Did the 2008 smoking ban affect cancer statistics? Smoking is the cause of lung cancer in 80 percent of cases, says Katrin Schaller, cancer prevention expert at the German Cancer Research Center in Heidelberg. Smoking also provokes the appearance of cancerous tumors in the throat, larynx and esophagus. Due to the long duration of the asymptomatic period of cancers, experts still cannot say whether a smoking ban is helping to fight cancer.

But the positive impact of the anti-tobacco law on the statistics of heart attacks is already visible today. In the body of a person who quits smoking, the cardiovascular system is regenerated first of all, explains Katrin Schaller. Not only among heavy smokers who have stopped smoking, but also among people who have inhaled tobacco smoke passively. One study published in Bremen shows that the number of hospital admissions diagnosed with myocardial infarction dropped markedly in the months following the smoking ban.

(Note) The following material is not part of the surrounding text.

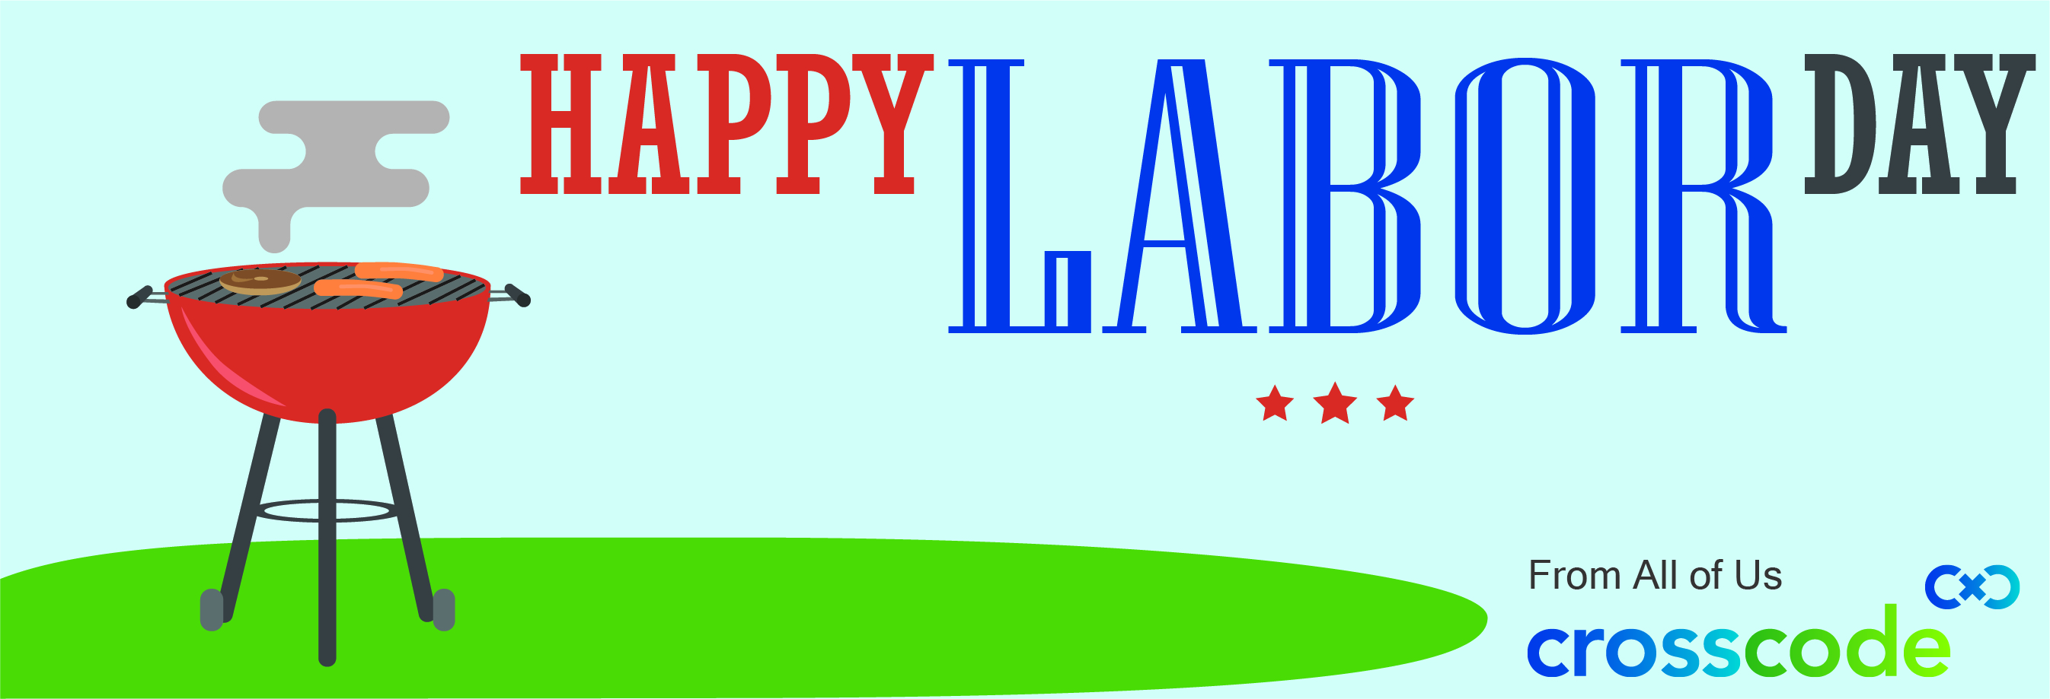 Happy Labor Day_LinkedIn

In Germany, only some owners of traditional pubs, where local patrons gather to drink a lot of alcohol and smoke a lot of cigarettes, have suffered from the introduction of a ban on smoking in public places. According to the owner of one such pub in the federal state of Thuringia, where smokers can still smoke in restaurants in isolated rooms, without a smoking room he would work at a loss. Even live music concerts and televisions during the football championship do not gather as many customers in the pub as tobacco smoke used to do.

Moreover, as it turned out, few people in the restaurant business generally “taste” the details of this law. Facebook feeds are filled with controversy about verandas, hookahs, electronic cigarettes – and, what is remarkable, one has to guess about the correct answers to all questions, since the new law does not provide clear information. So far, the following is more or less clear: it is no longer possible to smoke cigarettes, cigars and hookahs with tobacco in the restaurant, and to arrange special smoking rooms too. Places of public catering must hang signs “smoking is prohibited”, and for violation of the law, fines are high.

The use of tobacco-free hookahs can save hookahs from collapse. It is more difficult with verandas: much depends on the degree of the terrace’s enclosure, which the law calls the presence of “building structures” (and the degree of this enclosure is not regulated in any way), as well as the proximity of playgrounds and sports grounds. Restaurants come out of this situation in different ways: someone decides to play it safe just in case, and someone takes risks. There are many such “white spots” in the law, and they will be filled only after a certain period of law enforcement practice (or may not be filled at all).

Photo by Md Mahdi on Unsplash

Sascha Barby

Sascha Barby

Sascha's passion for food and the foodservice industry has driven him since he first worked in the kitchen. Projects abroad and the diversity of the industry have only increased his enthusiasm. Started as a Chef in various restaurants in Germany and Canada, completing his skills with an MBA, he now works at Rational AG in marketing.  Sascha lives with his wife and children in Bavaria near Munich.